RLZero: Direct Policy Inference from Language Without In-Domain Supervision
- URL: http://arxiv.org/abs/2412.05718v2
- Date: Sun, 01 Jun 2025 15:15:39 GMT
- Title: RLZero: Direct Policy Inference from Language Without In-Domain Supervision
- Authors: Harshit Sikchi, Siddhant Agarwal, Pranaya Jajoo, Samyak Parajuli, Caleb Chuck, Max Rudolph, Peter Stone, Amy Zhang, Scott Niekum,
- Abstract summary: Natural language offers an intuitive alternative for instructing reinforcement learning agents.<n>We present a new approach that uses a pretrained RL agent trained using unlabeled, offline interactions.<n>We show that components of RL can be used to generate policies zeroshot from cross-embodied videos.

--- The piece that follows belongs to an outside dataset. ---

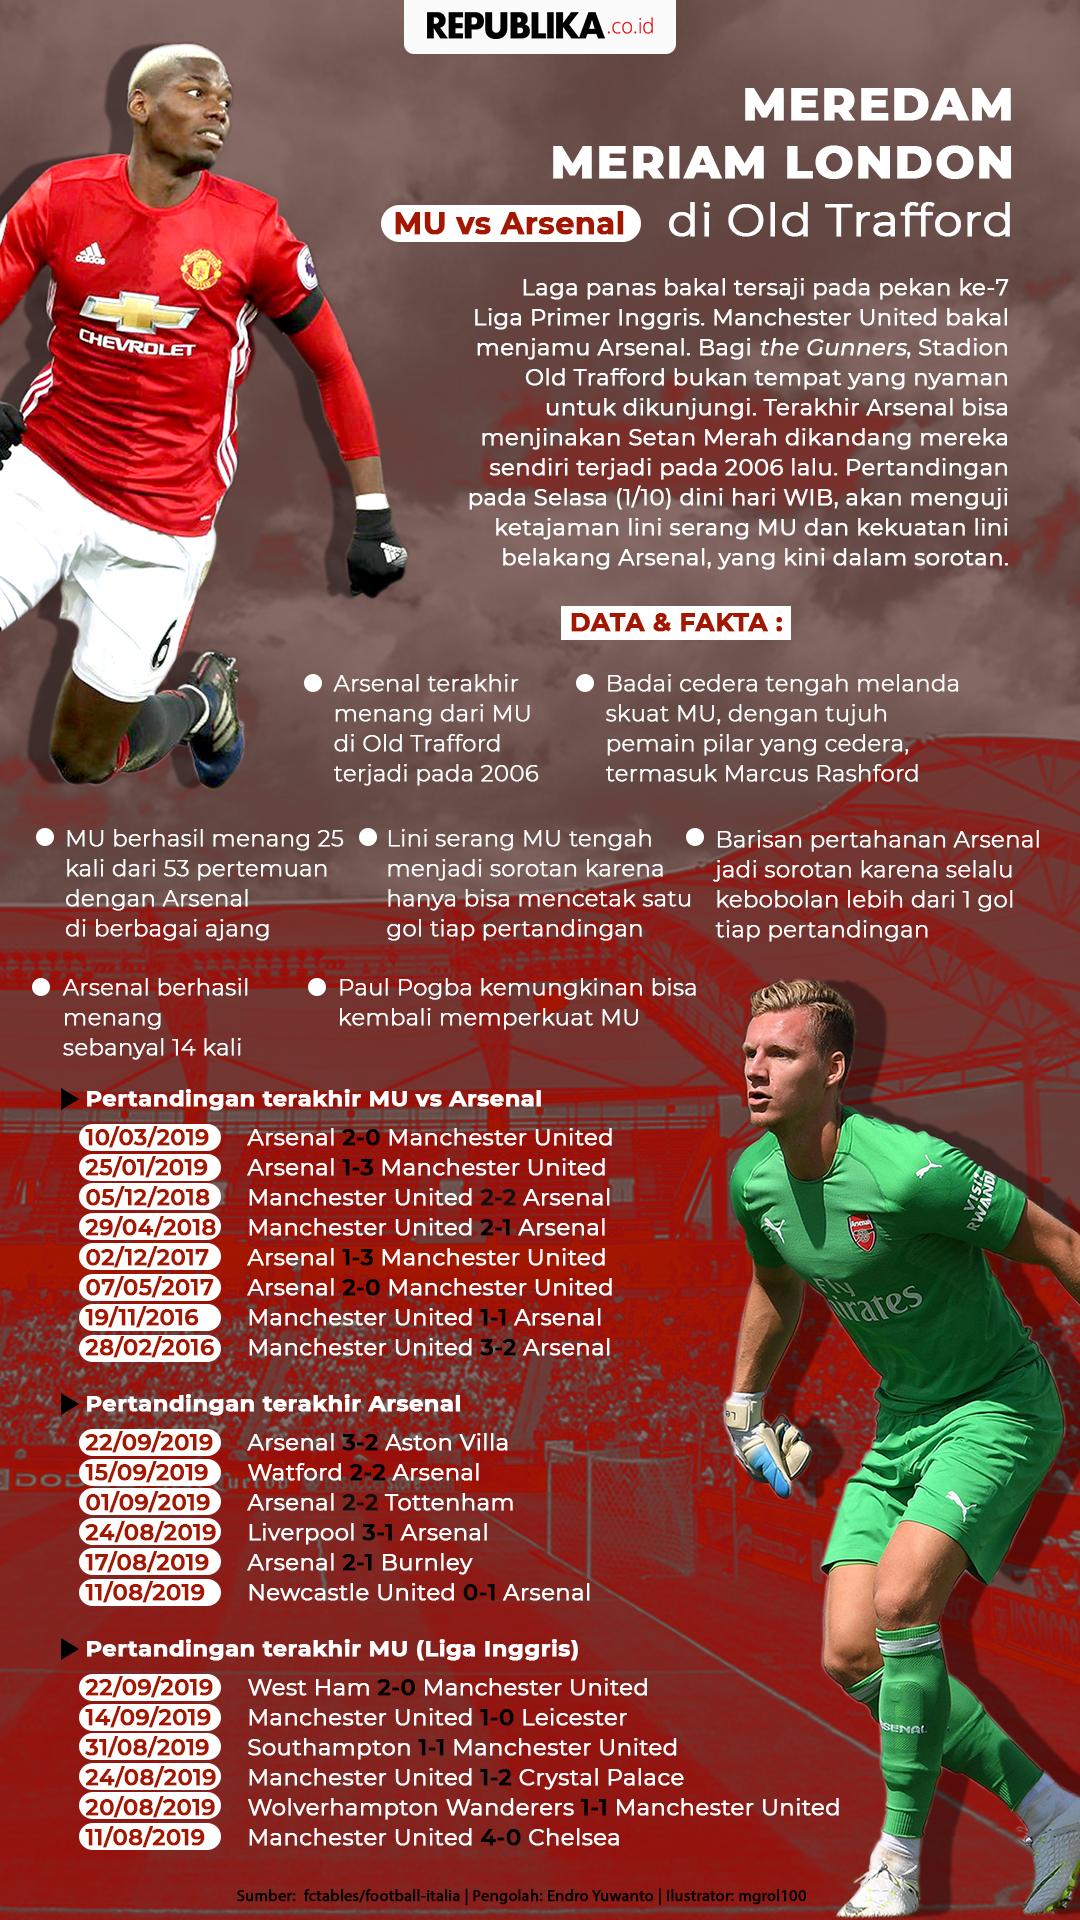 MU Vs Arsenal Upaya Meredam Meriam London

- Score: 40.046873614139464
- License: http://creativecommons.org/licenses/by/4.0/
- Abstract: The reward hypothesis states that all goals and purposes can be understood as the maximization of a received scalar reward signal. However, in practice, defining such a reward signal is notoriously difficult, as humans are often unable to predict the optimal behavior corresponding to a reward function. Natural language offers an intuitive alternative for instructing reinforcement learning (RL) agents, yet previous language-conditioned approaches either require costly supervision or test-time training given a language instruction. In this work, we present a new approach that uses a pretrained RL agent trained using only unlabeled, offline interactions--without task-specific supervision or labeled trajectories--to get zero-shot test-time policy inference from arbitrary natural language instructions. We introduce a framework comprising three steps: imagine, project, and imitate. First, the agent imagines a sequence of observations corresponding to the provided language description using video generative models. Next, these imagined observations are projected into the target environment domain. Finally, an agent pretrained in the target environment with unsupervised RL instantly imitates the projected observation sequence through a closed-form solution. To the best of our knowledge, our method, RLZero, is the first approach to show direct language-to-behavior generation abilities on a variety of tasks and environments without any in-domain supervision. We further show that components of RLZero can be used to generate policies zero-shot from cross-embodied videos, such as those available on YouTube, even for complex embodiments like humanoids.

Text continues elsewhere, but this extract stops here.